Why does HashMap::get_mut() take ownership of the map for the rest of the scope?

Question

I have the following code that inserts some values into a HashMap and then gets them back out:

use std::collections::HashMap;

fn things() {
    let mut map = HashMap::new();
    map.insert(5, "thing");
    map.insert(4, "world");
    map.insert(1, "hello");
    let mut thing = map.remove(&5);
    let mut world = map.get_mut(&4);
    let mut hello = map.get_mut(&1);
}

Attempting to compile this code gives the following error:

error[E0499]: cannot borrow `map` as mutable more than once at a time
  --> src/main.rs:10:21
   |
9  |     let mut world = map.get_mut(&4);
   |                     --- first mutable borrow occurs here
10 |     let mut hello = map.get_mut(&1);
   |                     ^^^ second mutable borrow occurs here
11 | }
   | - first borrow ends here

After perusing the API docs for both the remove() and get_mut() methods (fortunately they are pretty close to each other!) there is nothing that stands out to me from the method signatures why the remove() method does not mutably borrow the map for the rest of the current scope while the get_mut() method does.

The other piece of data that I have that also mystifies me is that this code compiles:

use std::collections::HashMap;

fn things() {
    let mut map = HashMap::new();
    map.insert(5, "thing");
    map.insert(4, "world");
    map.insert(1, "hello");
    let mut thing = map.remove(&5);
    map.get_mut(&4);
    let mut hello = map.get_mut(&1);
}

Not storing the result of the first call to get_mut() doesn't cause the map to be mutably borrowed for the rest of the scope? How could I have known this from looking at the documentation? Am I missing something else?

Answer 1

This error is a limitation of the implementation of the borrow checker before non-lexical lifetimes. With those enabled, the original code will work as-is:

use std::collections::HashMap;

fn things() {
    let mut map = HashMap::new();
    map.insert(5, "thing");
    map.insert(4, "world");
    map.insert(1, "hello");
    let mut thing = map.remove(&5);
    let mut world = map.get_mut(&4);
    let mut hello = map.get_mut(&1);
}

fn main() {}

This is because the compiler is smarter and can see that you aren't using world anymore by the time you get to map.get_mut(&1), so it doesn't need to have a valid reference anymore.
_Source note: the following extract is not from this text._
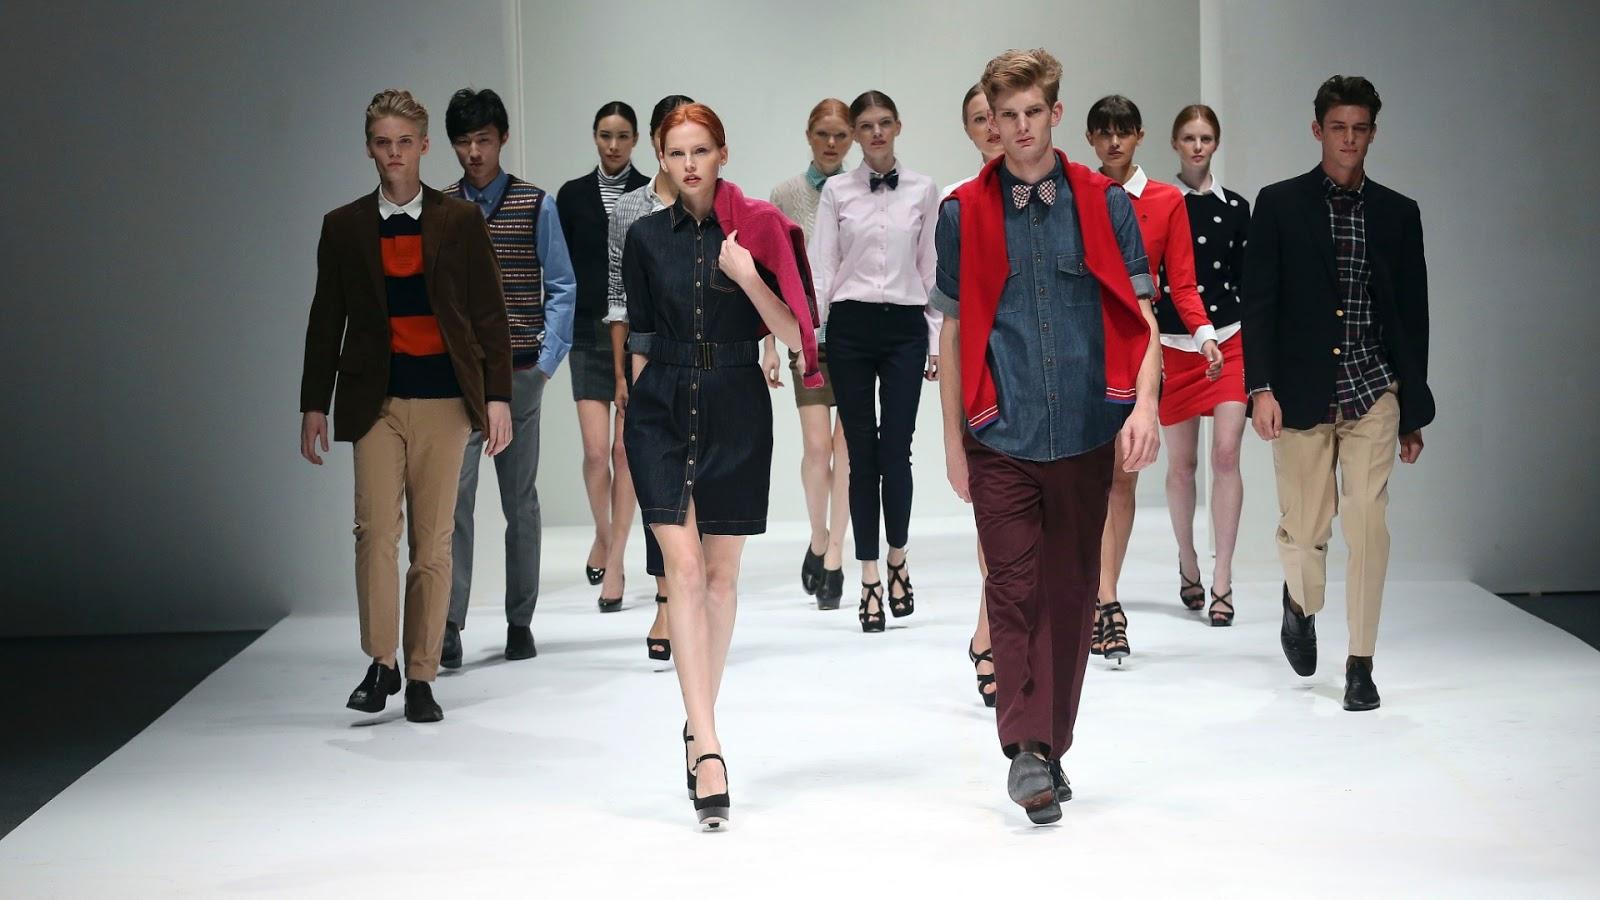 Fashion Desktop Backgrounds - WallpaperSafari

You can get equivalent code in previous versions of Rust by adding an explicit scope:

let mut thing = map.remove(&5);
{
    let mut world = map.get_mut(&4);
}
let mut hello = map.get_mut(&1);

---

Why does HashMap::get_mut() take ownership of the map

It absolutely does not do that. Ownership is a precise term in Rust code. Note that the error message specifically says

previous borrow of map occurs here

A borrow is not ownership. If I borrow your car, I don't own your car.

Your real question is "why does it borrow it for the rest of the scope". Let's look at the signature:

fn get_mut<Q: ?Sized>(&mut self, k: &Q) -> Option<&mut V> 
where
    K: Borrow<Q>,
    Q: Hash + Eq,

In words, this could be read as

Given a mutable reference to a HashMap (&mut self) and something that can be used to find the key (K: Borrow<Q>, Q: Hash + Eq), return a mutable reference to the value if one matches (Option<&mut V>)

However, that returned mutable reference will be changing something in the HashMap, that's why it's a mutable reference at all. You are only allowed to have multiple immutable borrows OR one mutable borrow at a time. This prevents writing code that causes inconsistencies and safety issues.

Let's look at remove:

fn remove<Q: ?Sized>(&mut self, k: &Q) -> Option<V> 
where
    K: Borrow<Q>, 
    Q: Hash + Eq,

This returns an owned value, not a reference into the HashMap. Once the method is done, the borrow of the map is over.